Afternoons for Tuesday 28 May 2024
1:15 Safety and etiquette for dogs at work
Around 76 dog incidents happen each day in New Zealand requiring medical attention, according to ACC data.
That's a total of 28,000 incidents annually, costing almost $30 million dollars.
The Dog Safe Workplace helps reduce the number of incidents and protects workers who may come into contact with dogs.
Company director Jo Clough dropped by our Auckland studio to offer some safety advice.
1:25 Why Chinese migrants change their names when they move to a new country
Names are a vital part of our identity. They're the first sounds we learn to recognise. And they carry cultural, familial and historical connections.
We often have multiple layers of names and nicknames for different groups and situations.
But increasingly many given those as a child are choosing - when they grow up - to revert back to their Chinese names.
Waikato times reporter Ke Xin - went through 5 names before coming back to her Chinese name. She speaks to Jesse about the phenomenon and cultural expectations.

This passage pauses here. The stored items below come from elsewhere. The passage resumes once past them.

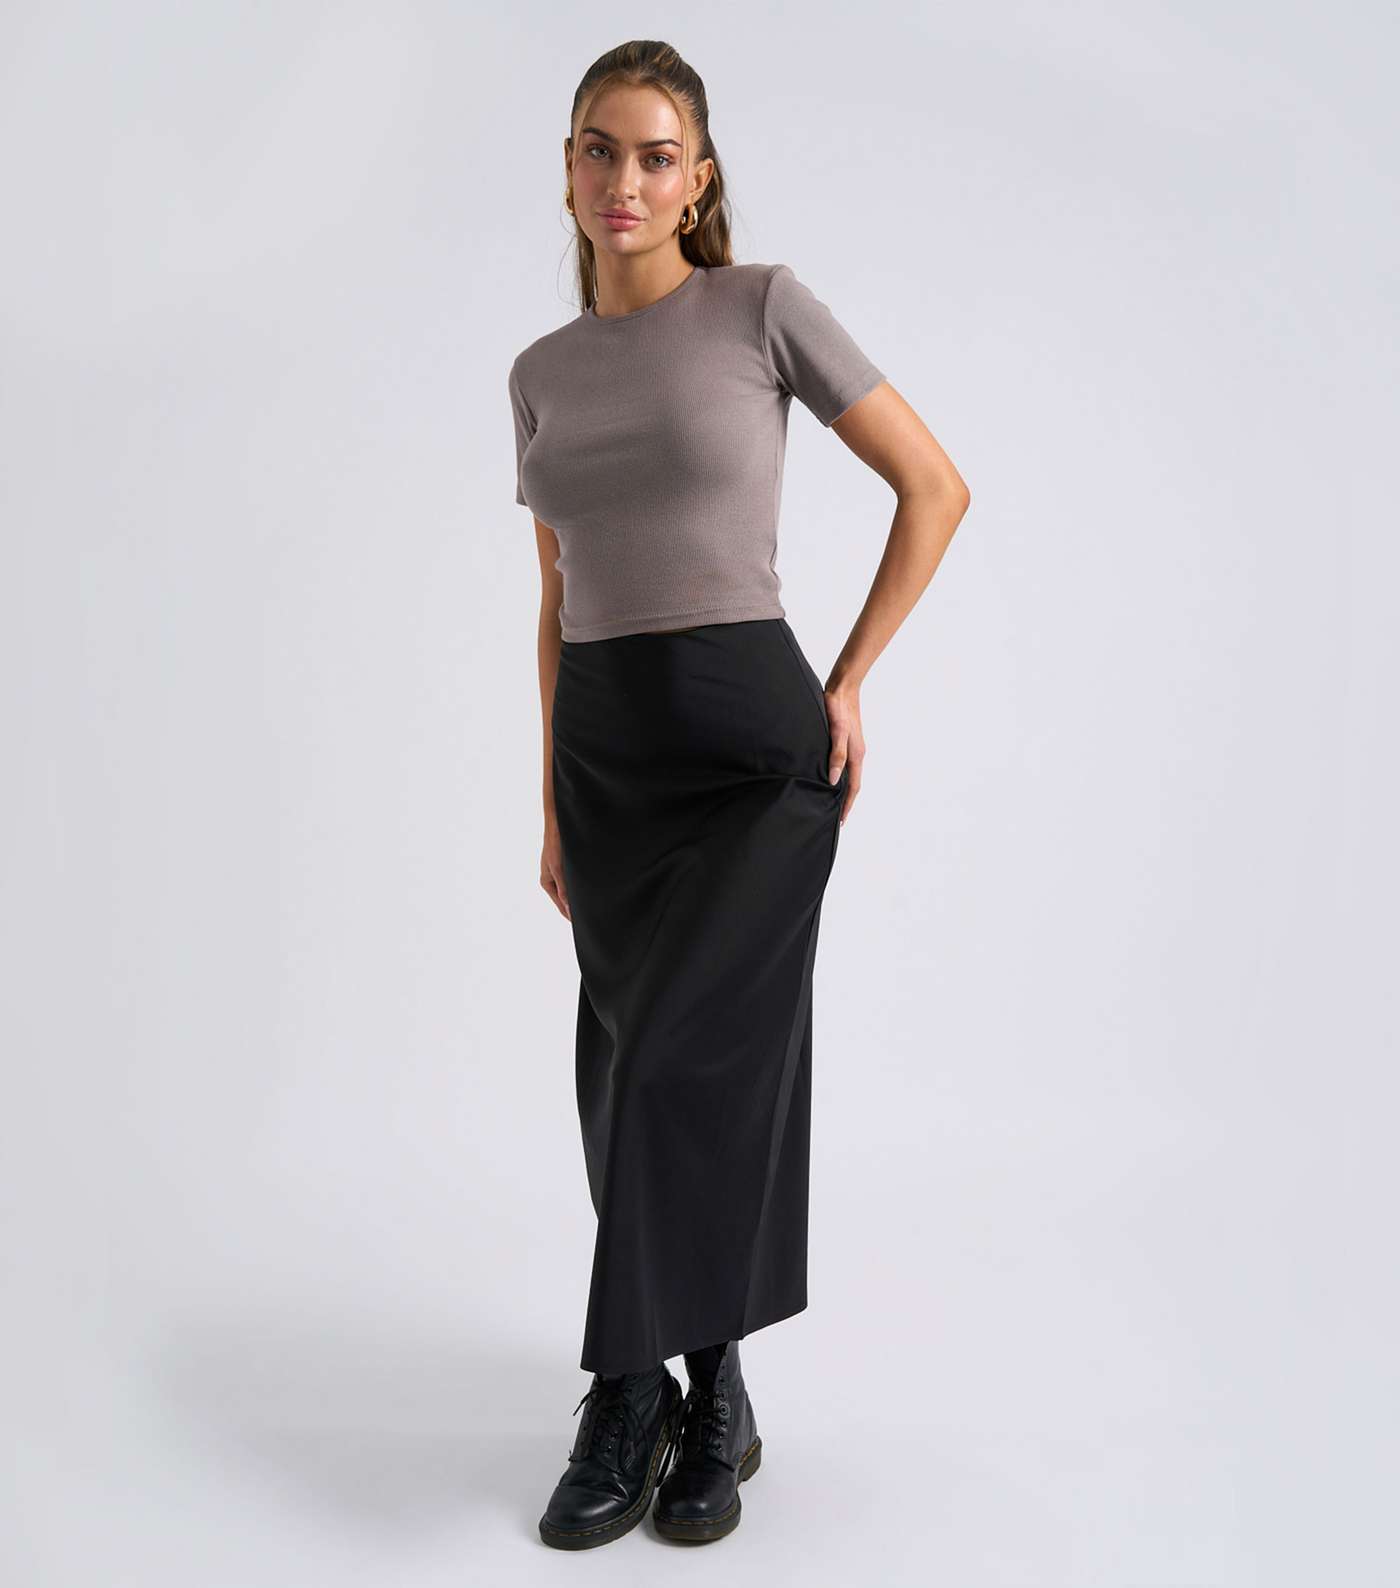 Urban Bliss Black Satin Maxi Skirt | New Look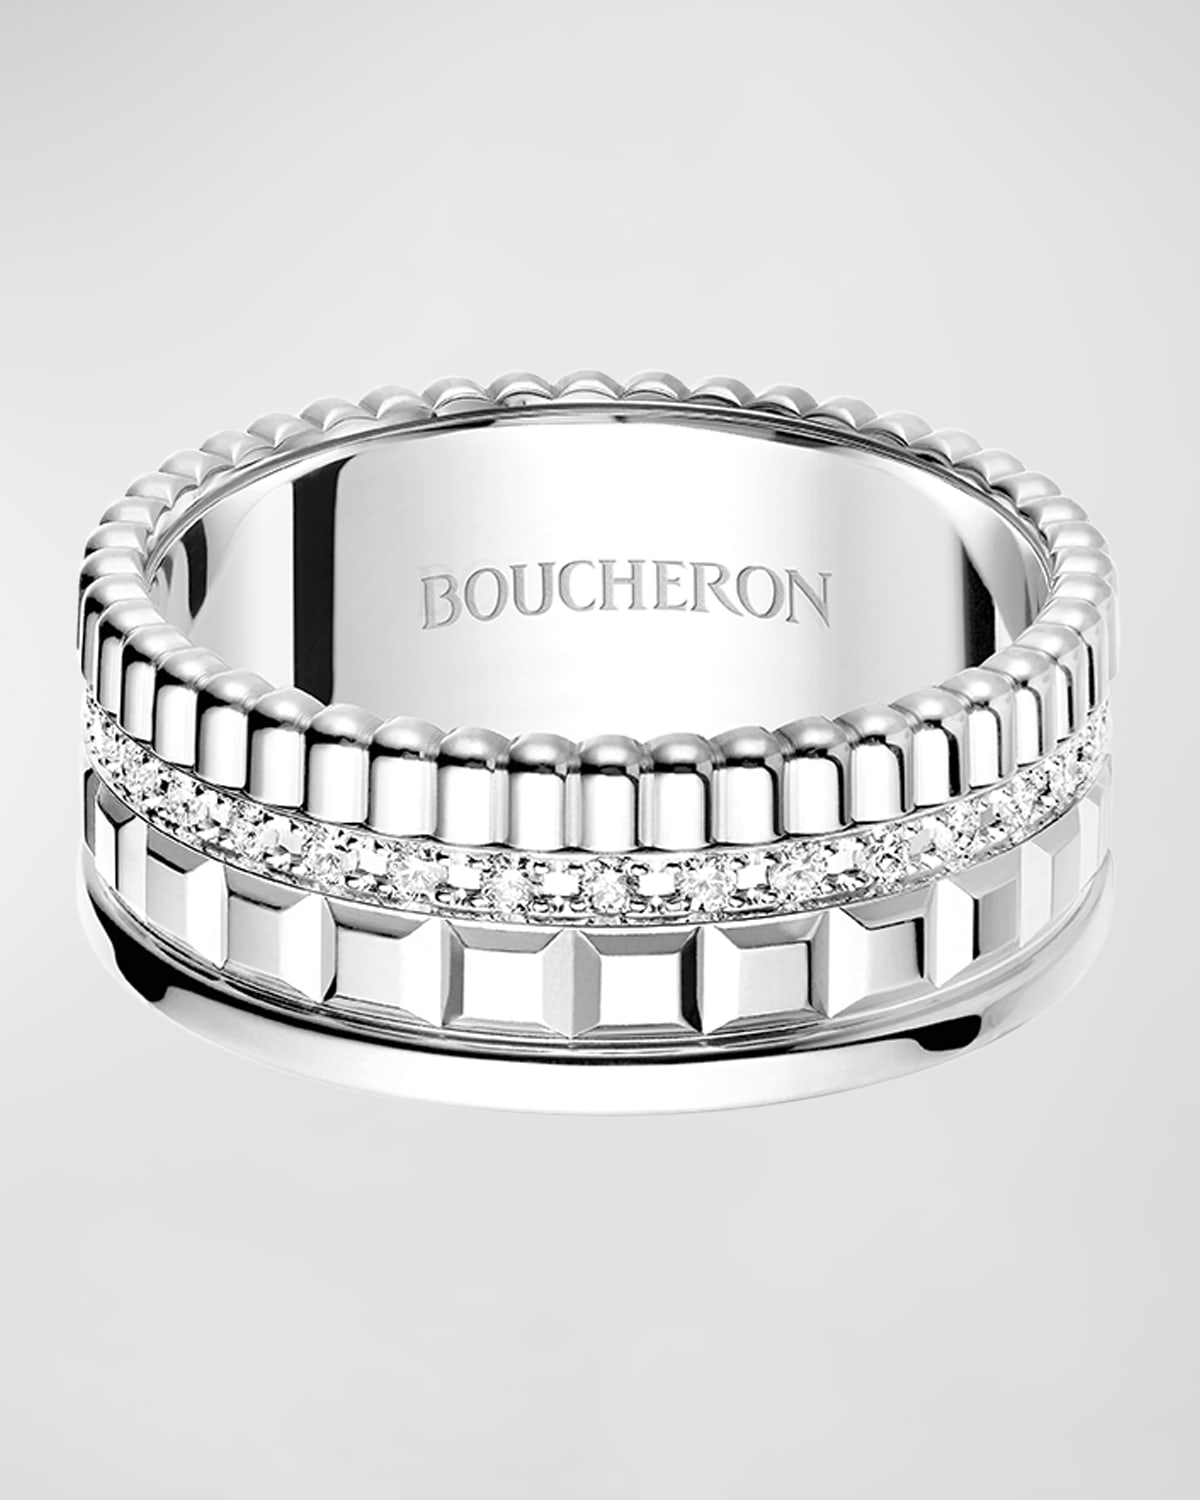 Boucheron Quatre Radiant 18K White Gold Band Ring with Diamonds, Size 52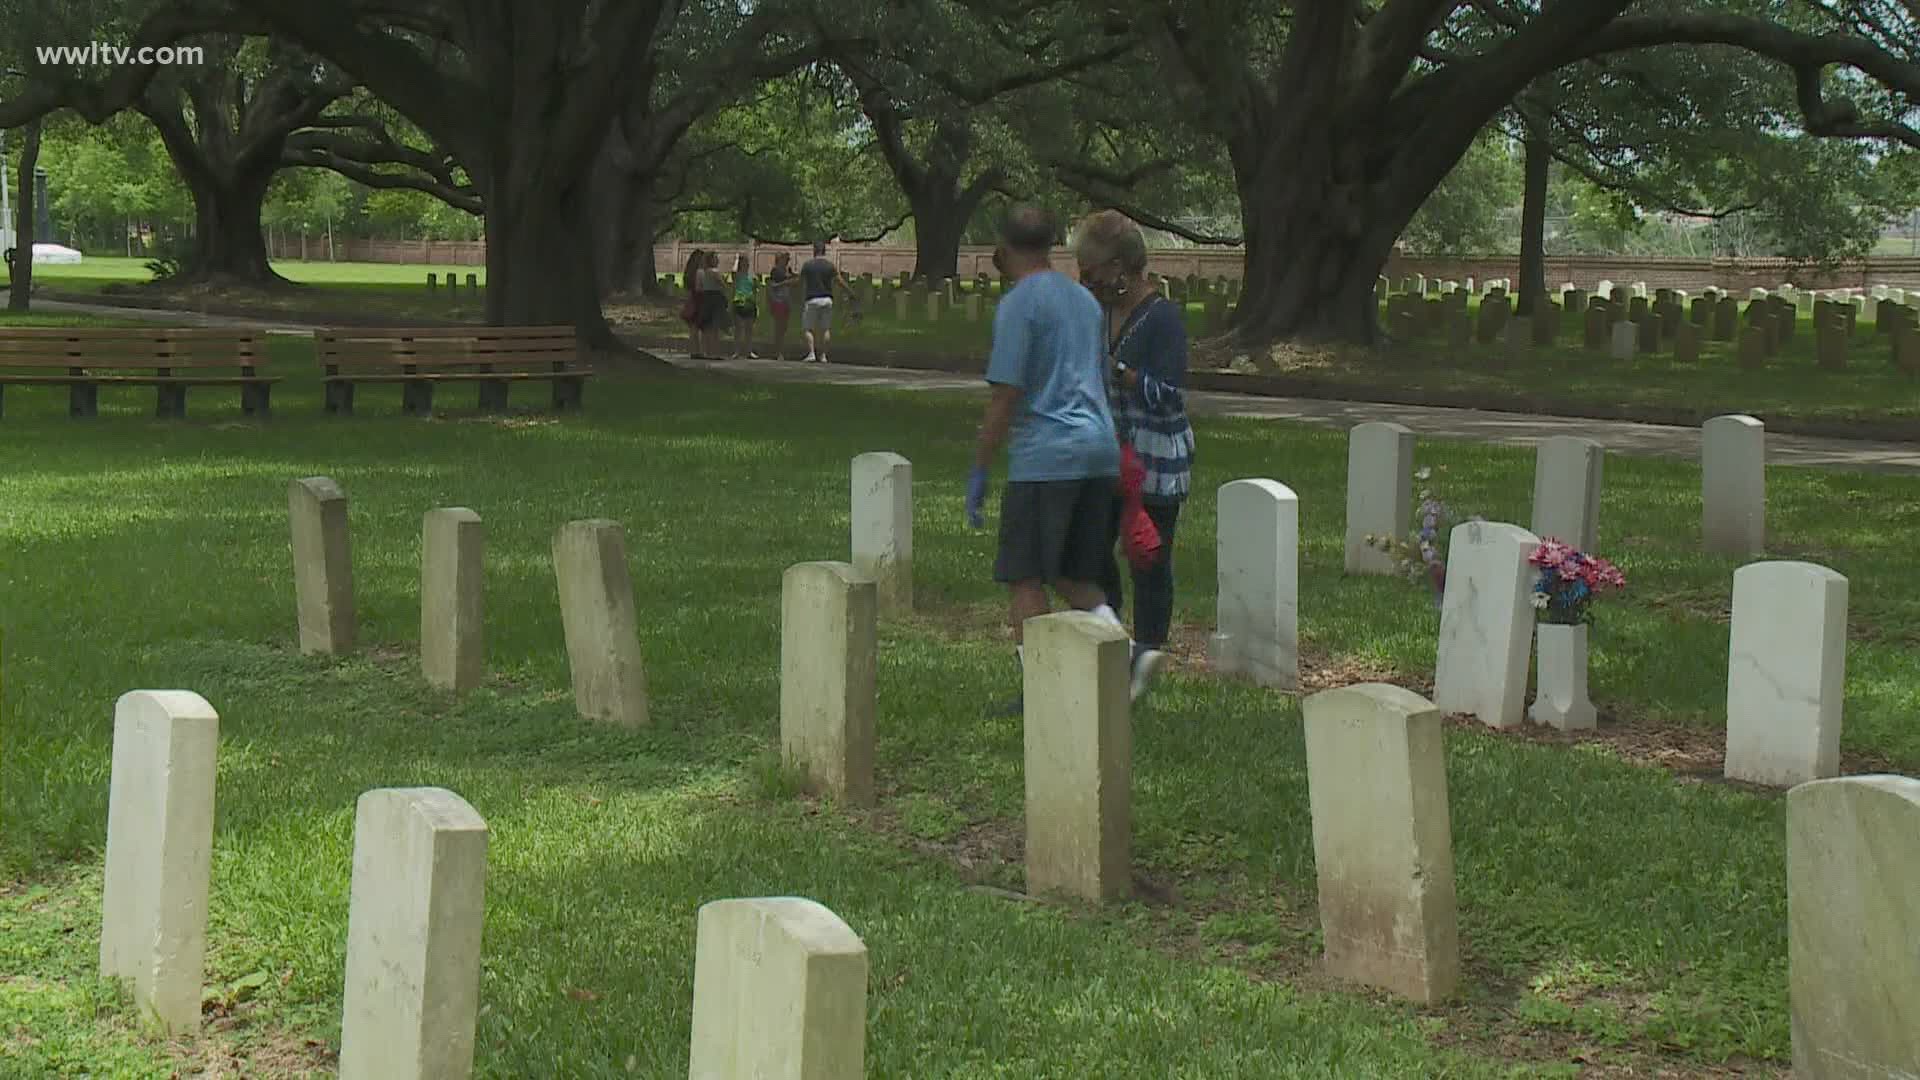 Veterans lost to coronavirus honored on Memorial day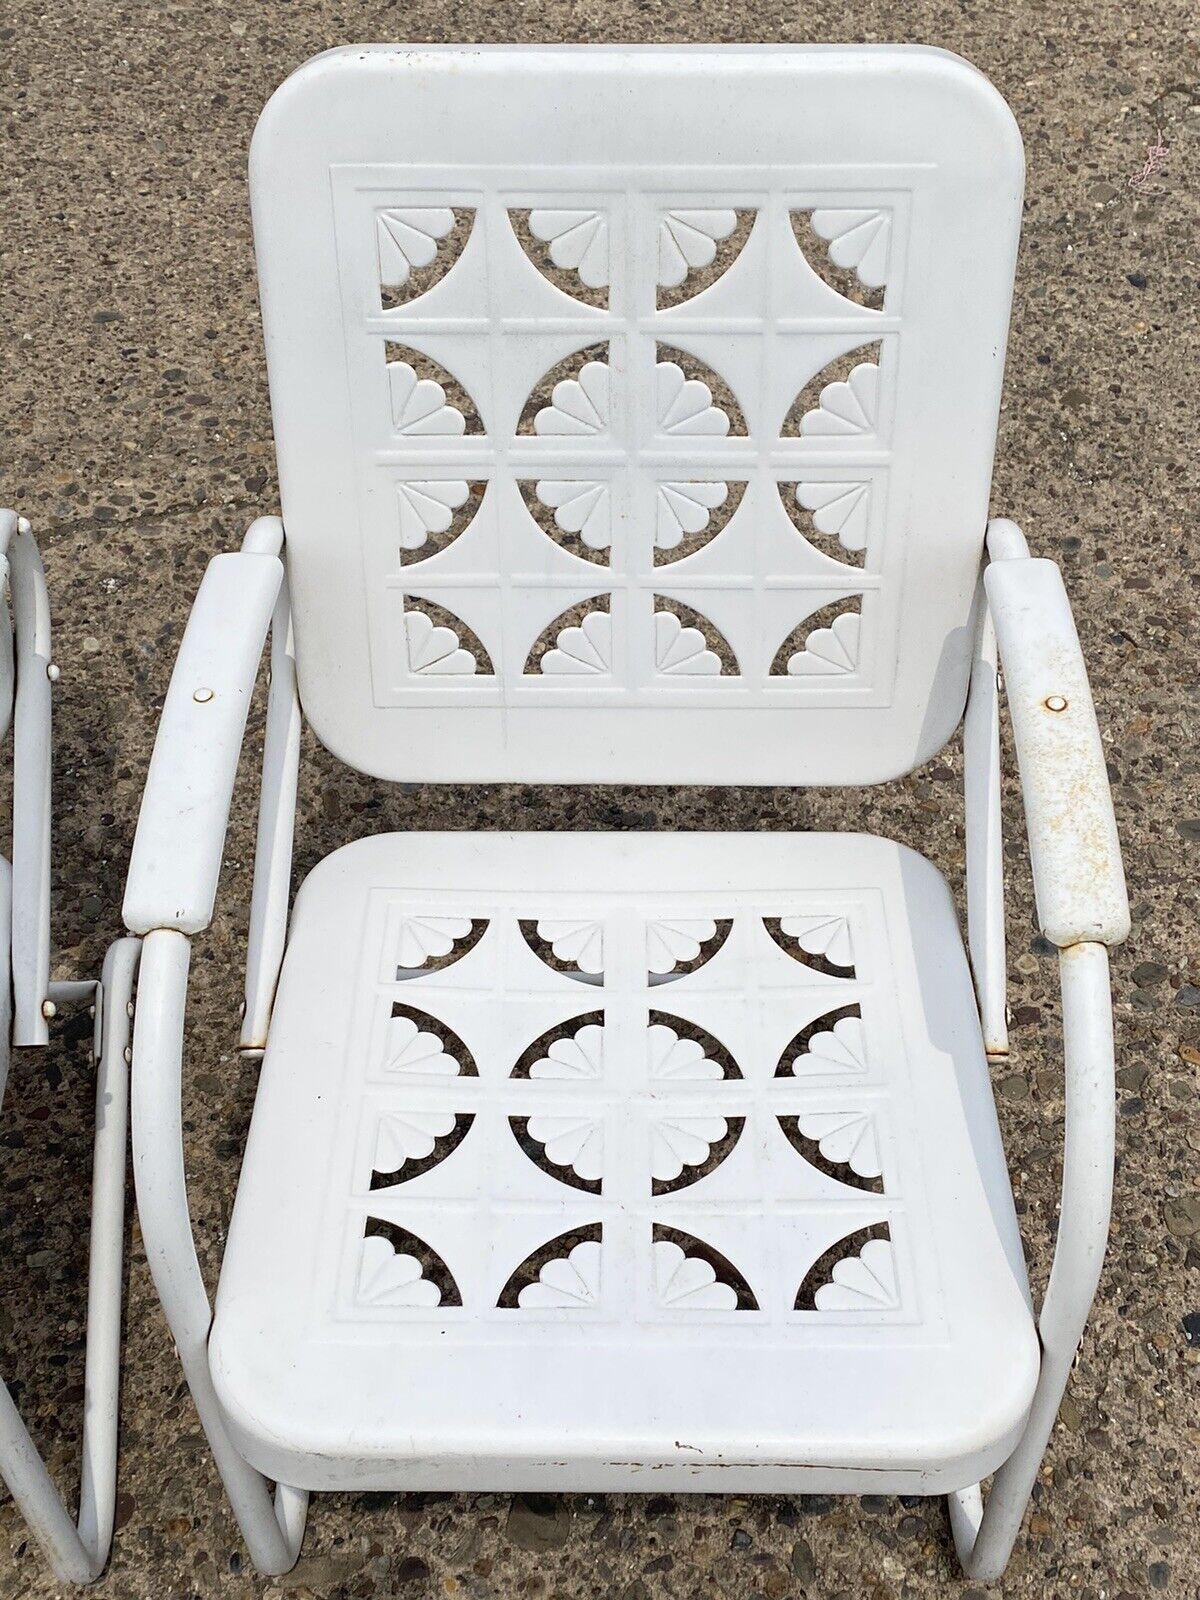 Vintage Starburst Pie Crest Metal Outdoor Patio Springer Lounge Chairs - a Pair

1:35 Baby food pouches not providing enough nutritional value
Baby food pouches could be providing our little ones with very little nutritional value, according to new research.
A team of University of Otago researchers, whose study has been published in The American Journal of Clinical Nutrition, set out to determine the nutrients pouches are providing babies.
The team looked specifically at commercial baby foods such as food in jars, baby rice, and baby snacks.
Ioanna Katiforis is PhD candidate in the Department of Human Nutrition at University of Otago, was involved in the study.
She joins Jesse on the line from Otago.
1:45 Tech Tuesday with Tim Warren
Today Tim talks to Jesse about how AI will change jobs and careers.
2:10 Book Critic: Claire Mabey
Today Claire talks to Jesse about two very different memoirs, First Things by Harry Ricketts and Splinters by Leslie Jamison. She also talks about Jane Arthur's children's novel Brown Bird.
2:20 Update on Oz with Brad Foster
Brad Foster reports on the search for a mum and newborn baby in Sydney after evidence of a birth on the banks of a river in Sydney's south west were found by a man walking in the area late on Monday.
He also reports on a nationwide initiative by a radio personality and filmmaker to increase the age of social media use by teenagers from 13 to 16 to reduce what they describe as "an anxious generation". He also talks film and footy.
2:30 Music feature: Pixies
Emerging out of Boston in 1986, alternative band the Pixies was, and still is, a jarring mix of surf rock, punk, pop and usually a good bit of screaming.
The band influenced some of the most famous musical acts of the 90s grunge era and beyond.
The Smashing Pumpkins, Radiohead and Nirvana all owe something to The Pixies, and so does musician and The Phoenix Foundation co-founder Samuel Flynn Scott.
Sam is going to take us on a journey curated not just from The Pixies discograpghy, but also from the solo efforts of some of their most fractious members.
3:10 From high flyer to fraud: Bob Calkin's incredible life
Bob Calkin considers himself a lucky man. Too young for both world wars and entering the workforce in the '50s and '60s, New Zealand gave working-class men like him tremendous opportunities.
He thrived as a lawyer and businessman until he didn't, committed fraud and was sent to prison.
Surrounded by disaffected young men, he worked on a PhD to better understand a wave of crime and alienation that continues today.
He offers his unique perspective as well as hope in his new book, Tales from the Lucky Generation: The Rise, Fall and Redemption of a Kiwi Working-class 'Hero' and the Stories that Shaped His Life.
3:30 Spoken Feature: Thrift
How to eat well on 40 dollars a week.
Katy Gosset meets the Christchurch student nurse and blogger who's teaching others how to meal plan.